# Sabine Sunrise



## gatorbait (May 21, 2004)

I took this this morning as we headed out. Lake looked beautiful(calm) and sunrise made the day worth it before it began. Enjoy.

Zac


----------



## Freshwaterman (May 21, 2004)

That's nice for sure.....wish it had been me taking the pic. That would mean it was me fishing too! Did you do any good?


----------



## gatorbait (May 21, 2004)

*We caught a few*

We didnt set the world on fire but I wasnt at work and I got a few tugs. Funny thing about that pic. The sun was just peeking and I decided to take the pic. In the time it took to take it out, turn it on, and snap it came up that much. I never really realized how fast it comes over the horizon.
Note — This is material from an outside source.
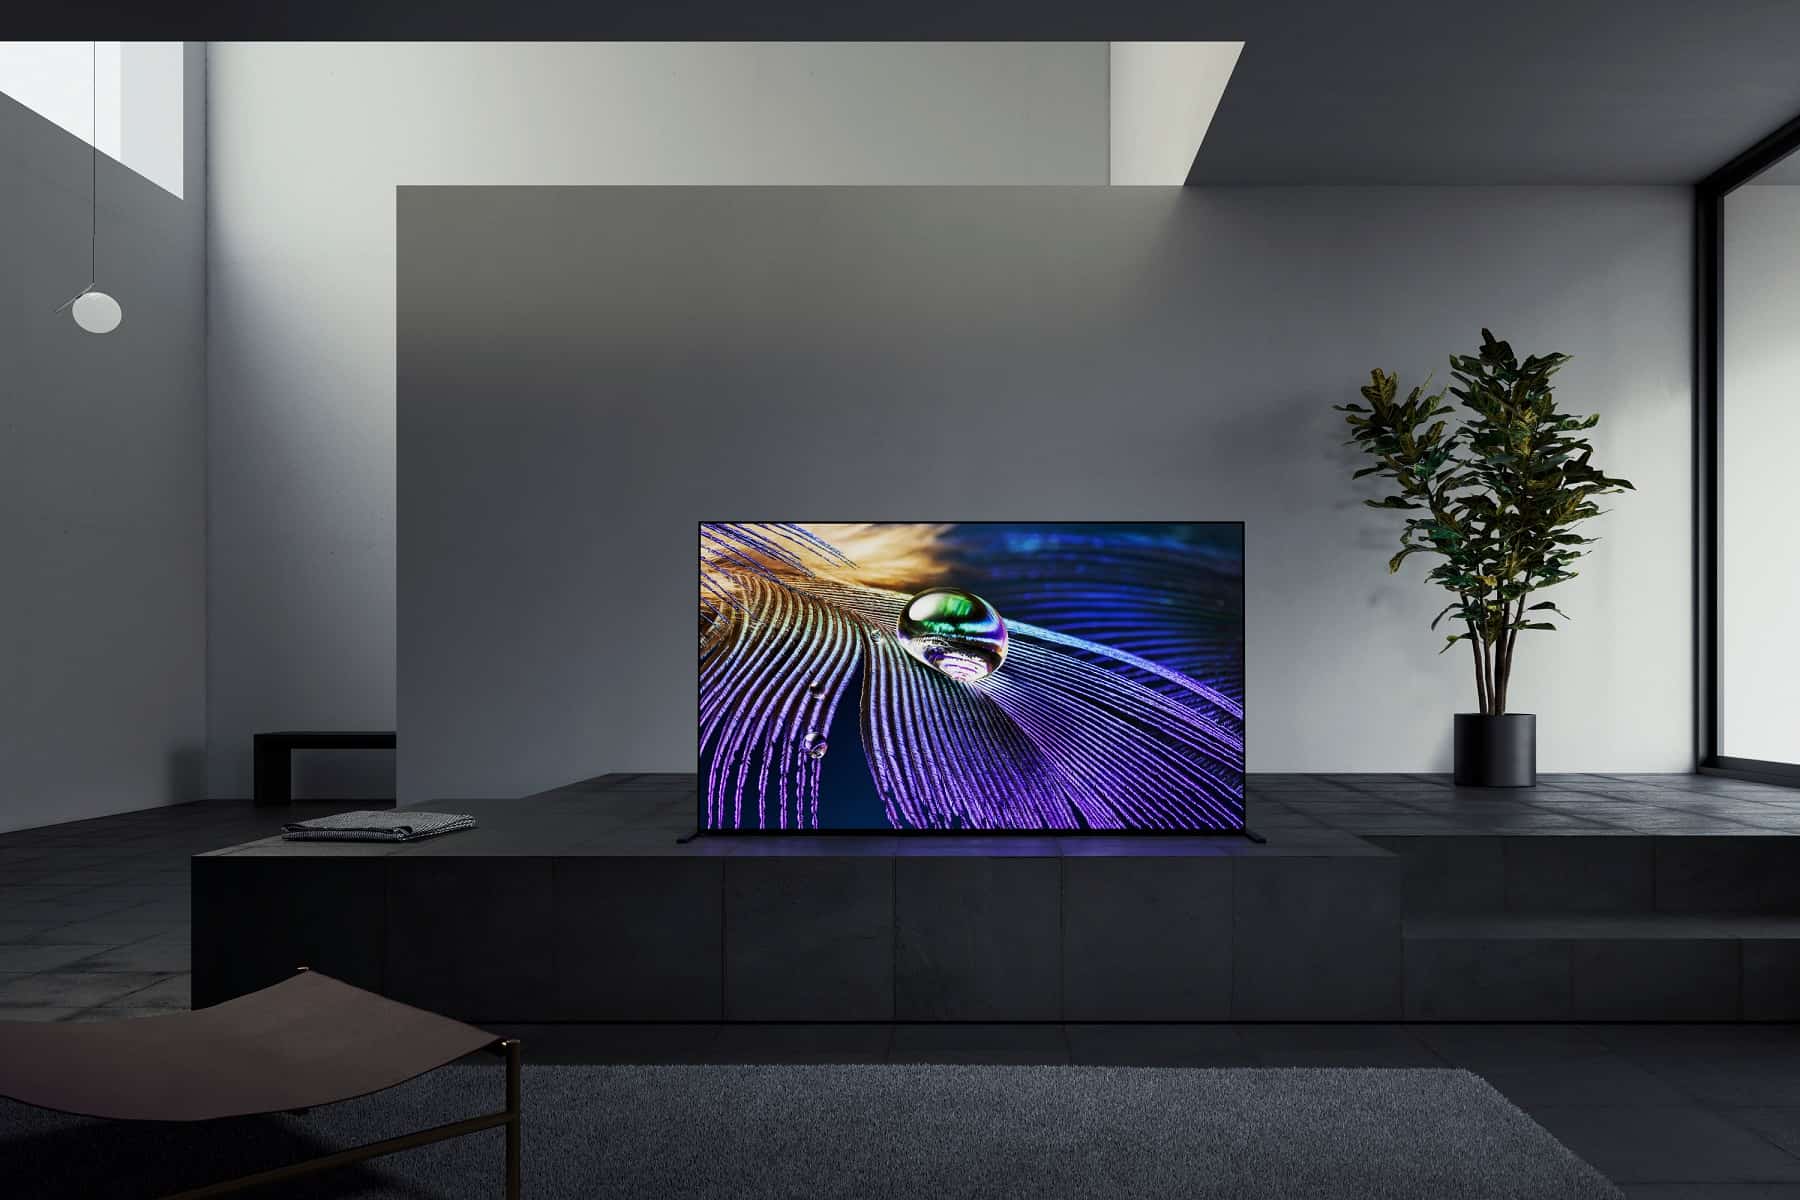 World’s first cognitive intelligence TV – Sony BRAVIA XR TVs are now available in the UAE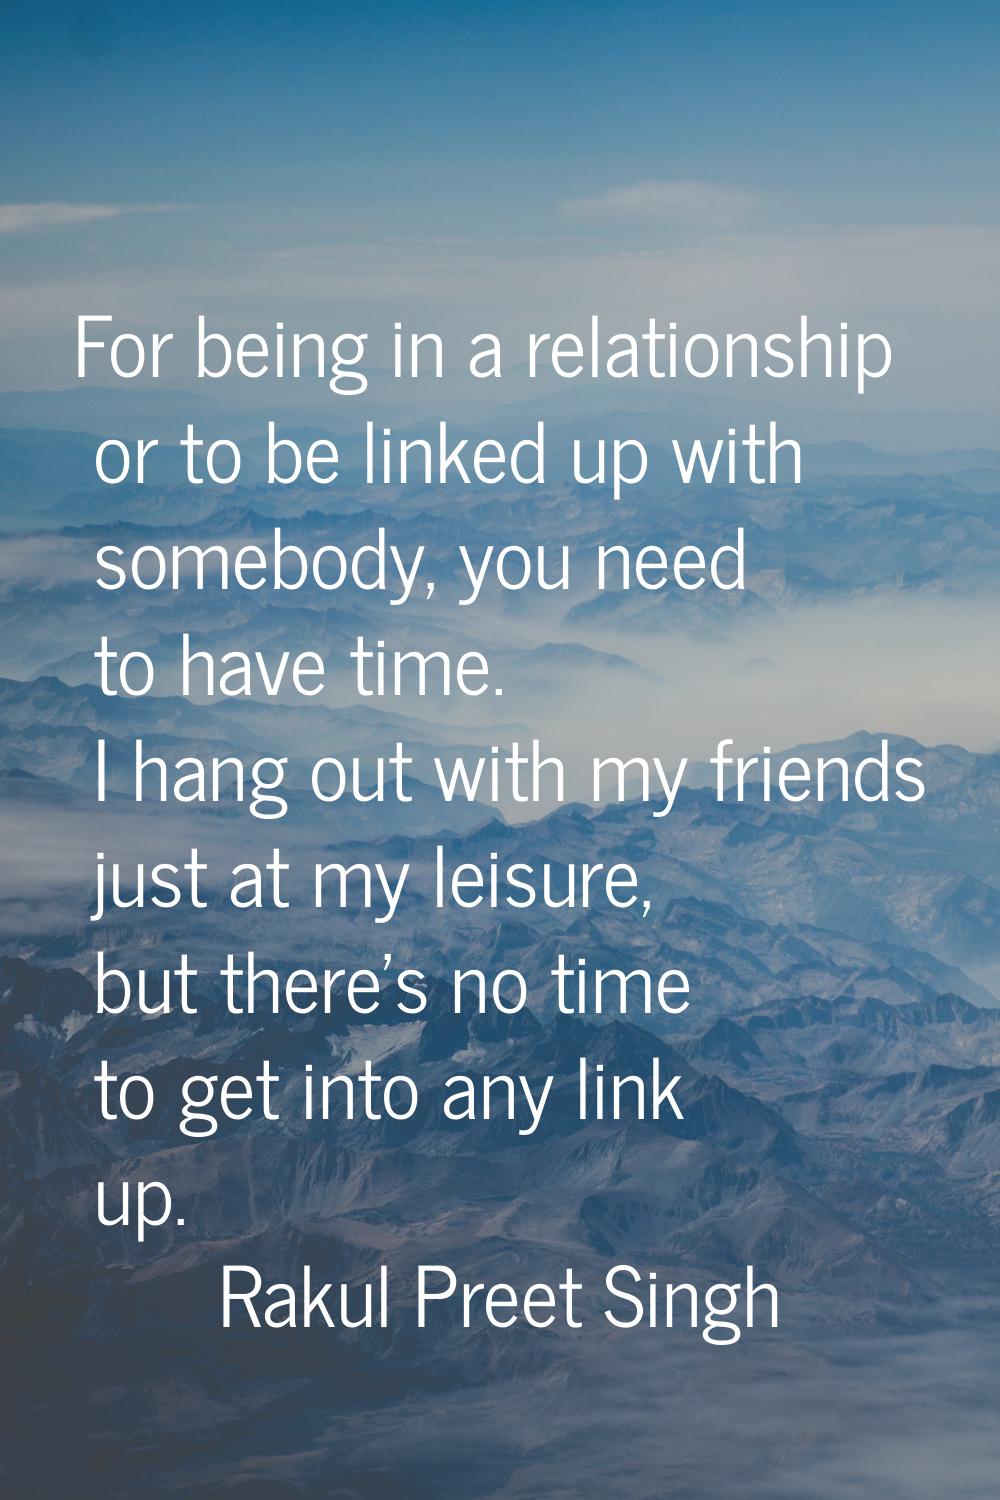 For being in a relationship or to be linked up with somebody, you need to have time. I hang out wit

Its quick.

Zac


----------



## Freshwaterman (May 21, 2004)

********* said:


> We didnt set the world on fire but I wasnt at work and I got a few tugs. Funny thing about that pic. The sun was just peeking and I decided to take the pic. In the time it took to take it out, turn it on, and snap it came up that much. I never really realized how fast it comes over the horizon. Its quick.
> 
> Zac


I came up on a beautiful sunset coming across the bridge in Surfside one afternoon. It looked like a huge ball of fire....it was awesome. By the time I could pull off the road and get the camera in hand, not even a 2 minutes it seemed.....it was gone and left me with nothing but the glow! Until that very minute, I had no idea either as to how fast it really seems to set & rise!!!


----------



## SpecklFinAddict (Dec 19, 2004)

Fishing Tuesday morning,I saw the same sunset from West Bay. Soon as I saw it I was heading for the boat 25ft away. Got to the boat ,dug out the camera and %#@& , batteries dead. It was probably at the exact time you were taking your pic GB. It was truly a remarkable sunrise and glad I get to to see it again.

Thanks


----------